The method according to any one of claims 1 to 3. 5. At least one of the primers comprises nucleotides 12 to 220 in SEQ ID NO: 1 or 2, nucleotides 12 to 216 in SEQ ID NO: 3, SEQ ID NO: 1 or 2
The method according to any one of claims 1 to 4, which corresponds to a region represented by base numbers 378 to 573 in SEQ ID NO: 3 or 374 to 569 in SEQ ID NO: 3. 6. One of the primers corresponds to a first region represented by base numbers 12 to 220 in SEQ ID NO: 1 or 2, or base numbers 12 to 216 in SEQ ID NO: 3, and the other of the primers Corresponding to the second region represented by base numbers 378 to 573 in SEQ ID NO: 1 or 2, or the base regions 374 to 569 in SEQ ID NO: 3, and the first region and the second region The method of claim 5, wherein the sequence between the regions is amplified. 7. The method according to claim 5, wherein the other of the primers corresponds to a region in or near the intervening gene. 8. One of the primers has a base sequence shown in SEQ ID NO: 7, and the other of the primers has a base sequence shown in SEQ ID NO: 8.
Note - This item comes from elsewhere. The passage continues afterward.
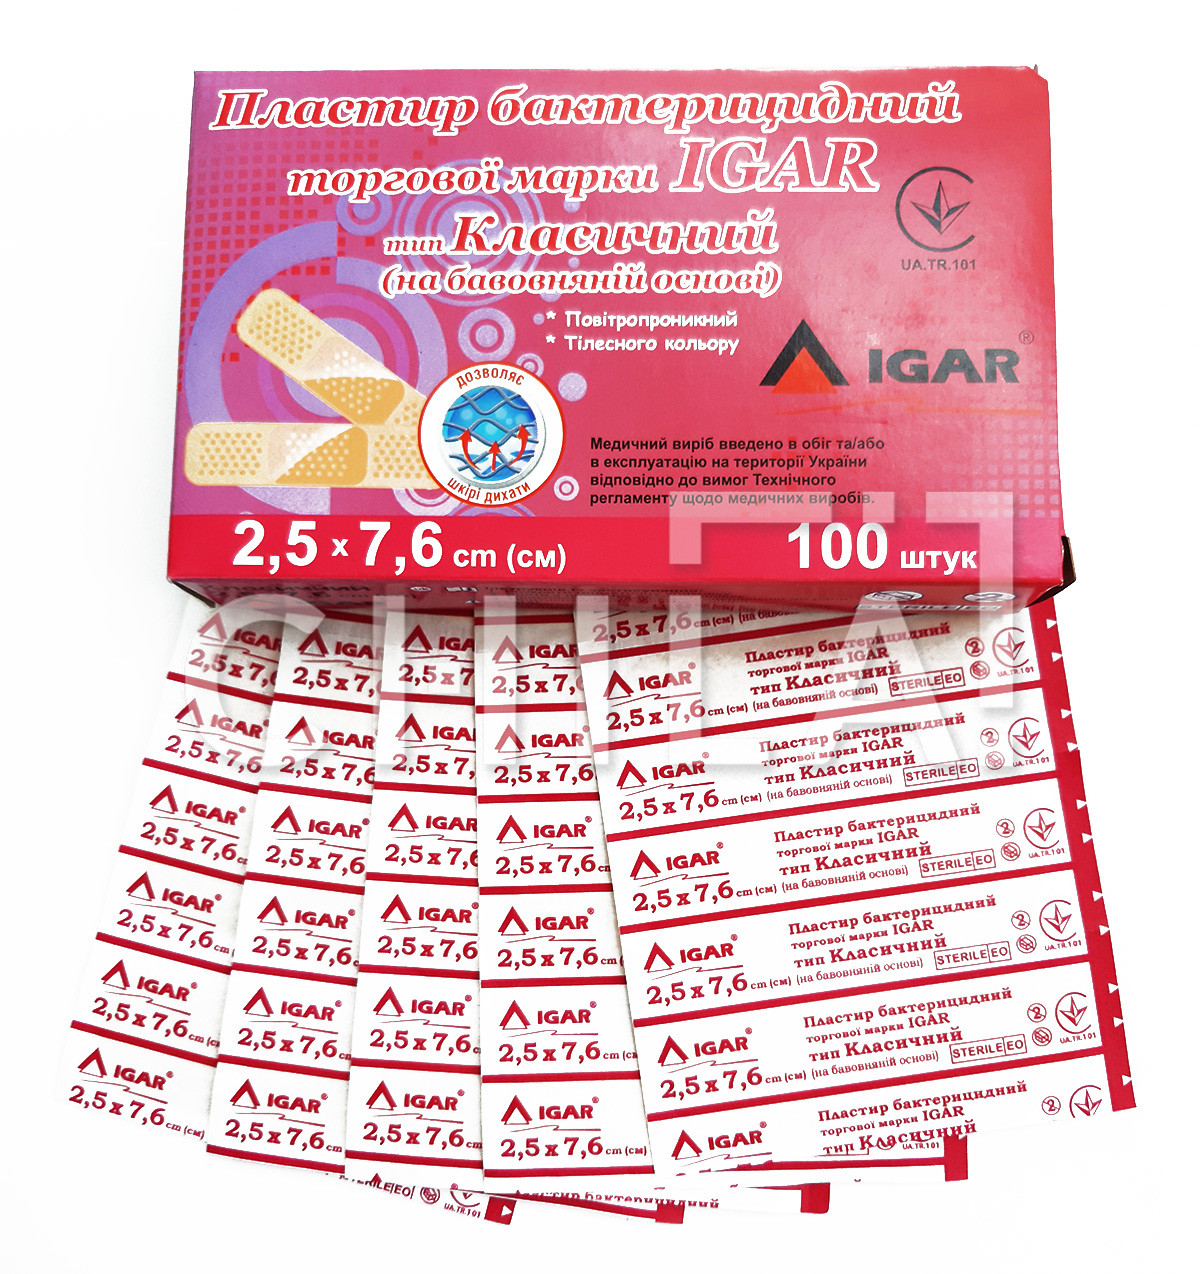 Пластырь бактерицидный IGAR Классический 2,5 х 7,6 см (100 шт/уп)

The method according to claim 6, which has the nucleotide sequence shown in the following. 9. 18S rDNA and 5.8S rDNA
And the intervening gene (ITS-2) existing between 5.8S rDNA and 28S rDNA (ITS-2), or Ganoderma boninense specific to both genes. A PCR primer consisting of two kinds of oligonucleotides used for identifying or detecting Ganoderma boninense by detecting a sequence, wherein one of the primers has base numbers 12 to 220 in SEQ ID NO: 1 or 2. Or the first region represented by base numbers 12 to 216 in SEQ ID NO: 3, and the other of the primers is represented by base number 3 in SEQ ID NO: 1 or 2.
78-573, or base number 374 in SEQ ID NO: 3.
A primer corresponding to the second region represented by -569, wherein the sequence between the first region and the second region is amplified by PCR using the primer. 10. An 18S rDNA and a 5.8S rDN.
A (ITS-1), an intervening gene (ITS-2) existing between 5.8S rDNA and 28S rDNA, or Ganoderma boninense in both genes. A primer comprising two types of oligonucleotides used for identifying or detecting Ganoderma boninense by detecting a unique sequence, wherein one of the primers has a base number of 12 to 220, base number 12 in SEQ ID NO: 3
To 216, base number 378 to SEQ ID NO: 1 or 2
573 or base numbers 374 to 56 in SEQ ID NO: 3
9. The other of the primers corresponds to the region represented by
A primer corresponding to the intervening gene or a region adjacent thereto.